Script paths after monorepo moves¶

Not connectivity per se, but in the same class of "script that used to work now doesn't": every tool script in tools/ has a RTOPACKS_SITE / WRANGLER_CWD / similar cwd constant. These break silently whenever we reorg the monorepo. When a legacy tool script fails on its first wrangler call, check the cwd path resolves before anything else.

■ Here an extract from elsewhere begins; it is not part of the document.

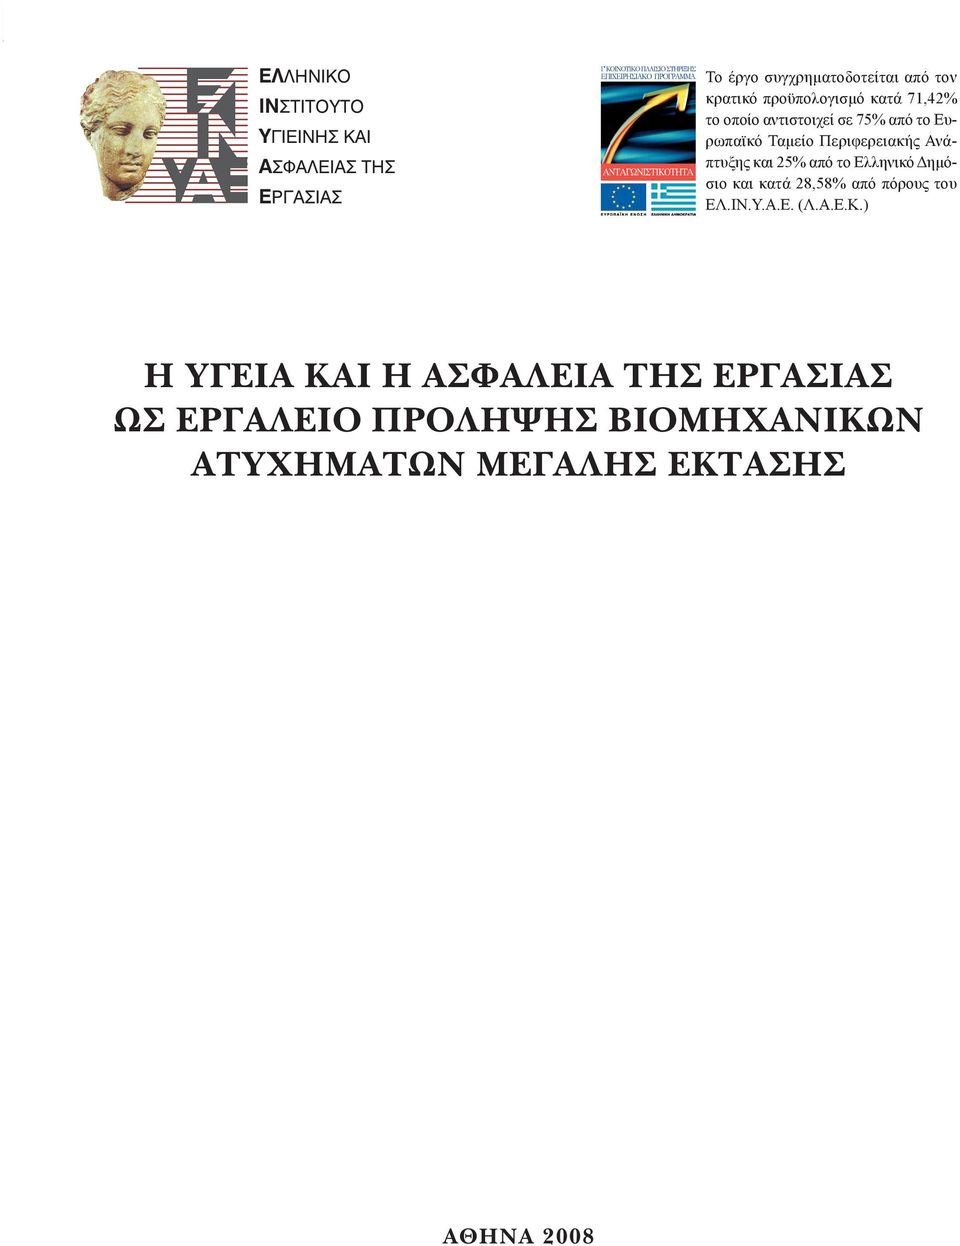 Ανάπτυξης και 25% από το Ελληνικό Δημόσιο και κατά 28,58% από πόρους του ΕΛ.ΙΝ.Υ.Α.Ε. (Λ.Α.Ε.Κ.

Known stale-after-reorg paths (fixed): tools/tga-enrich-quals.mjs was pointing at repo/site which hasn't existed since session 58; repointed to workers/internal-api.

When to update this doc¶

You hit a new connectivity failure and burn more than 15 minutes diagnosing it.
You discover an environment quirk (new sandbox behavior, new vendor deprecation).
You confirm an existing row in the matrix is no longer true (cross it out, don't delete — the history matters).

The whole point of this file is that it's the first thing to read when debugging "why isn't this endpoint responding" — if you had to reason it out from scratch, this doc has failed and you should fix it.